Seminars and public speaking events that spread knowledge about women empowerment are catching wind in today’s time. Women attend these meetings and talk about their issues. The best part is, the participants and audience, both include men too. Some speak about what initiatives they have taken, and some talk about their views and suggestions about women empowerment.

Having a woman on the board of directors have proved to be a very beneficial part of women empowerment. It gives opportunities to the women in the company. It also allows them to be open about the problems they are facing. Women tend to be more open about issues like sexual harassment with superior women than with men.

  1. Successful Women Empowerment Strategies By Companies

The corporate sector in the last couple of decades has seen a dramatic rise in women entrepreneurs. Women like Chanda Kochhar and Arundhati Bhattacharya have set strong examples that hard work pays off.

Arundhati Bhattacharya (Former Chair-MD of State bank of India) is known to have started an internal blog for female employees at SBI. They can share their problems and help others through this initiative. She has also introduced a two-year sabbatical for women in the bank who need long periods of leave for home duties.

Chanda Kochhar (CEO and MD of ICICI Bank) started the iWork@Home as an attempt to retain female employees. This allowed the women to work from home for a year.

Usha Ananthasubramanian (CEO and MD of Punjab National Bank) is credited for being the leader of the core management team made by the Finance Ministry of India for the establishment of the Bhartiya Mahila Bank.

Corporations like The Coca-Cola Company and Nestlé are looking within their global value chains to understand and address the unique challenges women face.

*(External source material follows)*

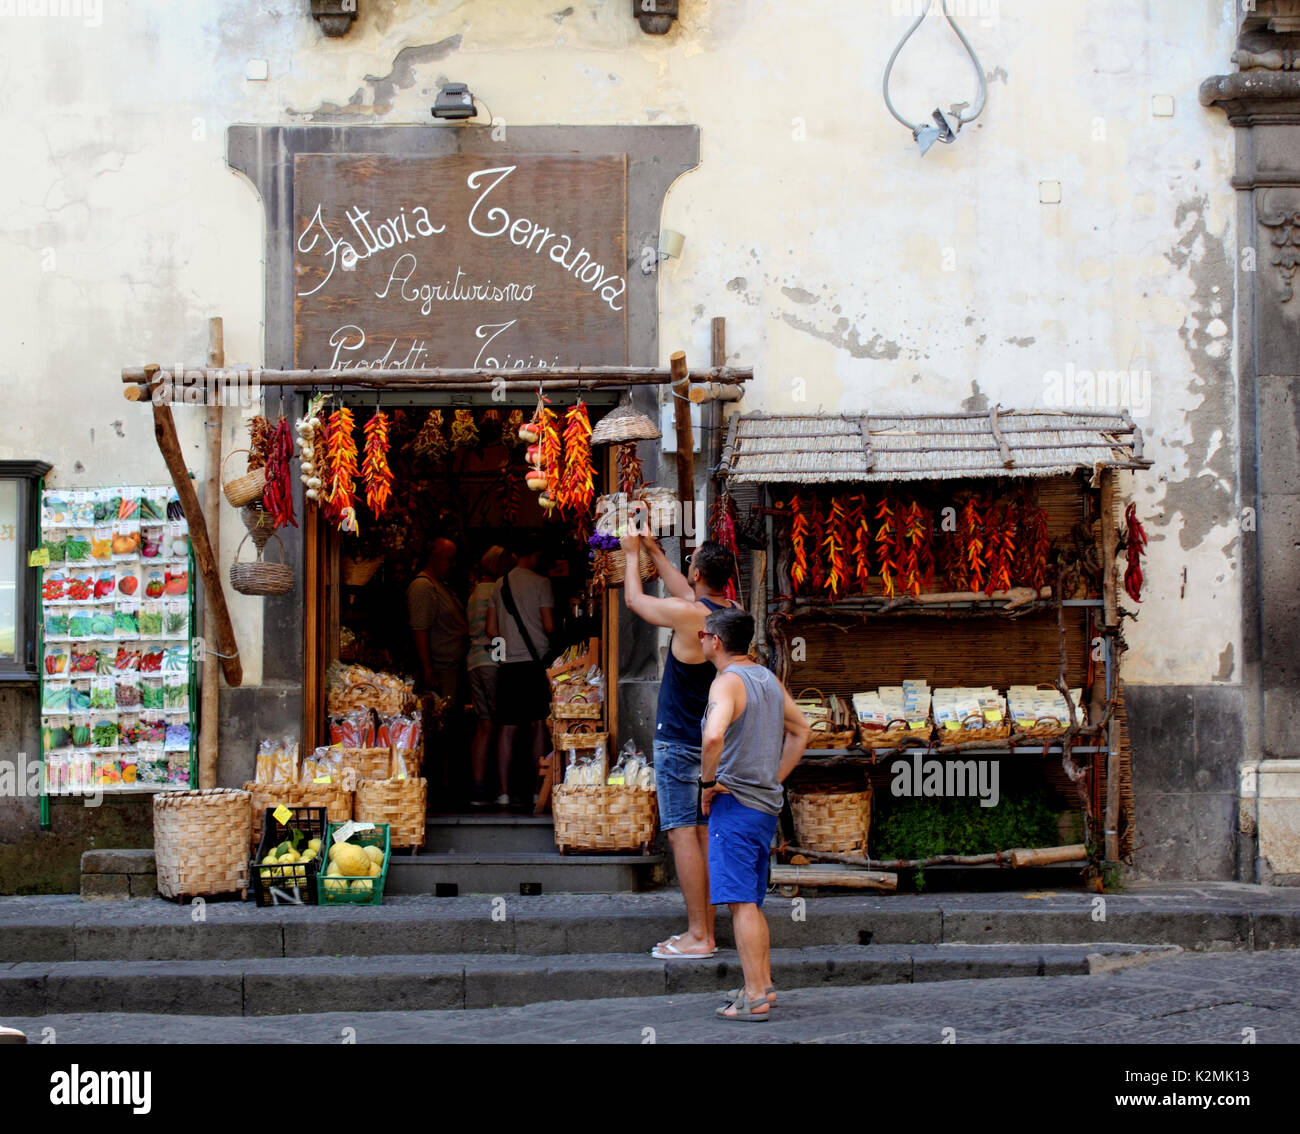 Landscape view of tourist photographing street scene Sorrento Amalfi Coast Italy Stock Photo

In doing so, they improve the efficiency and productivity of global operations while also advancing women’s rights and health. Coca-Cola’s 5 by 20 program aims to enable the economic empowerment of 5 million women entrepreneurs across the company’s value chain by 2020.

Nestlé has seen similar success by working with women farmers in the company’s supply chain. In 2013, the company published an action plan for improving the livelihood of female farmers in Côte d’Ivoire, which was focused on promoting equal opportunities through trainings, closing the wage gap and giving women a voice. Two years after launching the program, Nestlé saw the number of women who lead and oversee its cocoa plantlet nurseries increase from 3 percent to 23 percent.

  1. Positive Results To Measure

There are several ways in which the results of these women-led initiatives can be tracked. In the work places, female feedback can be asked and considered. Overseeing the management’s actions for women can also show how employees are reacting to the company policies.

Equal rights and equal pay between men and women for the same work can be a motto for all companies. Decrease in discrimination against women during meetings, promotions or even interviews. Taking care of the personal needs of female employees can also go a long way in empowering them.

Conclusion

Women today are creating exceptional and ground breaking accomplishments in every sphere of life and are optimistic about what the future holds for them. With the increased supportive initiatives by the government, management boards, peer-to-peer platforms, families and support-systems, gender-based roadblocks are now being rapidly eliminated in the entrepreneurial journey of a woman.